More light= unmanageable GDA.
Less light= manageable GDA
But, you cannot use the full light power..........
So I doubled the light and added the plecos, and..waited for the call about algae. Have not came, in fact , the glass is cleaner than it was with lower light. So is the wood and rock, equipment etc. Tried it a few other folks, same result.
So what am I looking for and why am I'm posting this specifically?
To see if anyone can show that the small Bushy nose plecos at 5-6 per 20-30 Gallons of tank *cannot control the GDA issue*. They are cheap(less than many Amano Shrimp prices), peaceful little plecos, hardy, etc.
Better them than you.


----------



## Matt Warner

Very good read indeed! I love my bristlenose pleco in my planted tank. I never get any algae on the glass or anywhere else. He keeps the tank spotless so it saves me getting wet arms scrubbing the glass!


----------



## Andy Thurston

I have a 300l corner with green dust and 5 bushy nose of various sizes. They have reduced the problem but i found cleaning followed by a 80% water change slowed it most, but it takes a good hour to clean the bow front. Do you think adding 5-10 more will clean it? and do they have to be babies? The tank is fully stocked and i would have to rehome some fish. I could remove larger ones and add more juveniles as an experiment and post results.


----------



## plantbrain

Yes, I'd add about 20 total to your tank.
Babies are better, say 5-cm long.

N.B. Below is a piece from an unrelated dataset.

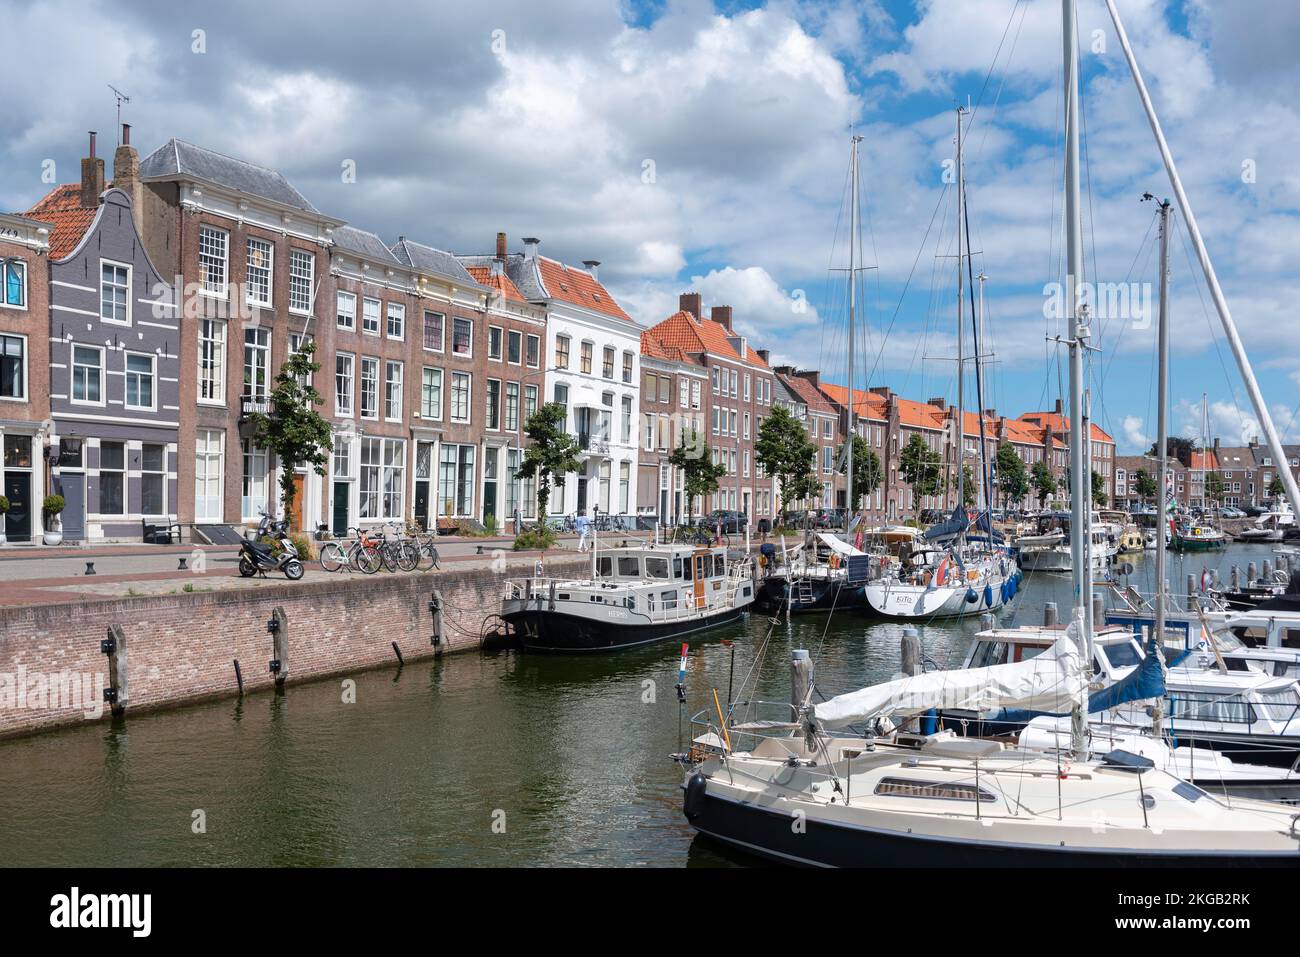 Stadtbild mit Yachthafen in Rouaansekaai, Middelburg, Zeeland, Niederlande Stockfoto
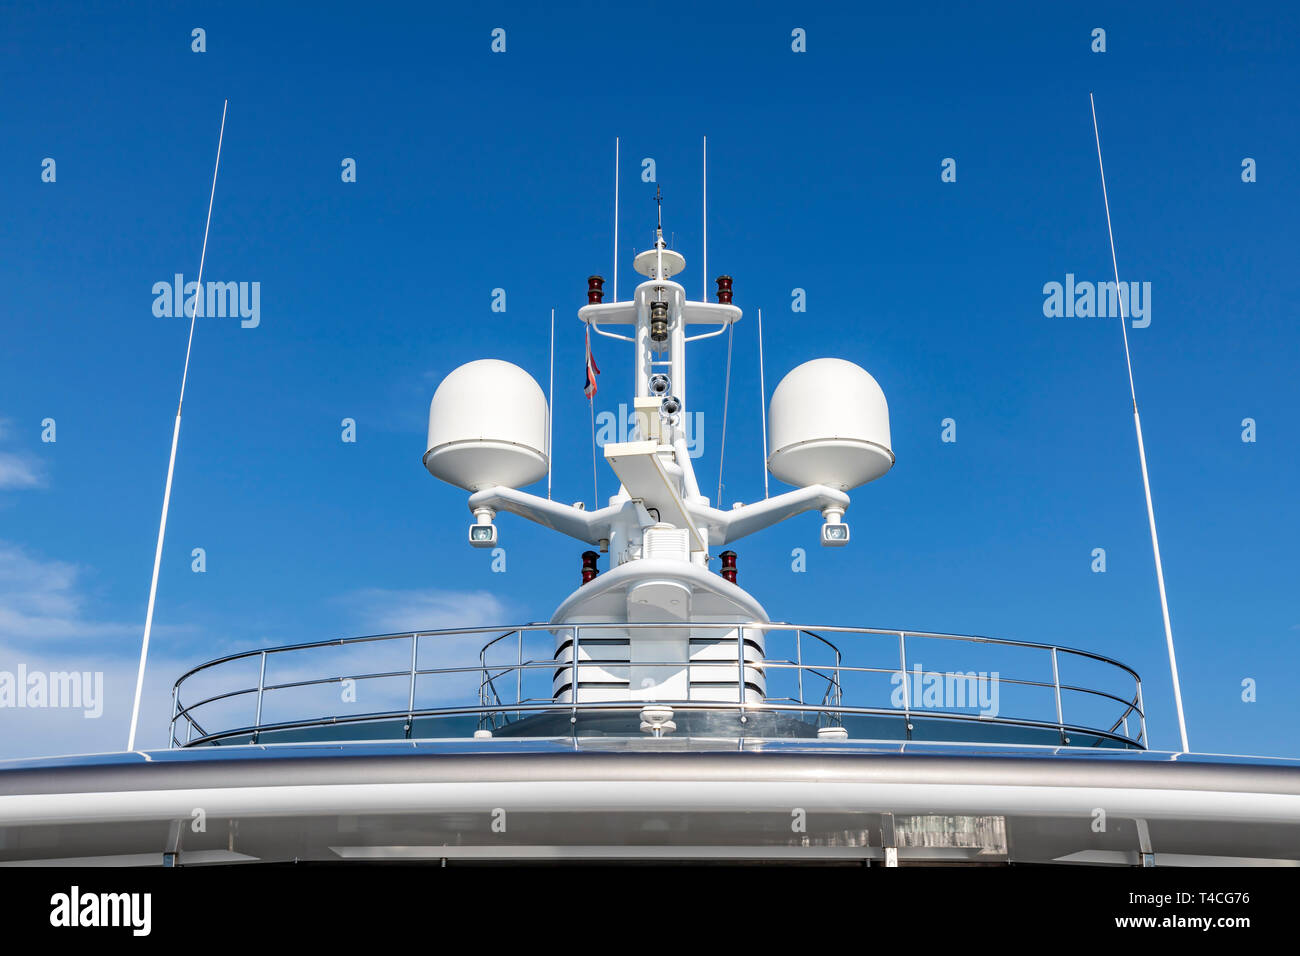 Kommunikation Antennen mit Navigation, Radar, die auf dem oberen Deck des Luxus weiße Kreuzfahrtschiff. Es ist eine thailändische Fahne mit klaren blauen Himmel Ich Stockfoto

Do not feed them much.


----------



## Ady34

plantbrain said:


> Do not feed them much.


Until they've eaten all the algae, and grown then they will need supplements  you'll probably also need extra water changes and gravel vacs too to remove the extra waste.
To me this sounds like a good idea, but needs long term consideration. A plec will quickly grow and produce large amounts of wastes and need large amounts of food all adding to the bio load. Not ideal in a planted aquarium, especially smaller ones?
I'd see the plecs as a short term, quick fix solution and then they may need rehoming. Patience may be better IMO for the hobbyist?


----------



## Andy Thurston

Points well put Ady
My best option is tolerate green dust until male bristlenose is big enough to breed. Then breed them, let them clean tank then take to lfs
My tanks not heavily planted, only 2 huge anubias and an unknown plant, so extra feeding and maintenance is not a problem. 20x5cm bristlenose would cost about £70-80 round here too


----------



## plantbrain

Ady34 said:


> Until they've eaten all the algae, and grown then they will need supplements  you'll probably also need extra water changes and gravel vacs too to remove the extra waste.
> To me this sounds like a good idea, but needs long term consideration. A plec will quickly grow and produce large amounts of wastes and need large amounts of food all adding to the bio load. Not ideal in a planted aquarium, especially smaller ones?
> I'd see the plecs as a short term, quick fix solution and then they may need rehoming. Patience may be better IMO for the hobbyist?


 

Not anymore than loading up with Amano shrimp. As they grow, Bushy nose will breed and you can easily sell the larger adults, not like the common pleco. They also are among the cheapest plecos available also.  
I feed mine about 2x a week, but shrimp also go after the algae sticks. But shrimp will do nothing for the glass algae or GDA. These guys will for months or years. Quite a few planted hobbyists end up breeding them.
In a 300 liter tank, you might start with 15 babies, and settle on 4-5 adults later that will breed after 1-2 years.  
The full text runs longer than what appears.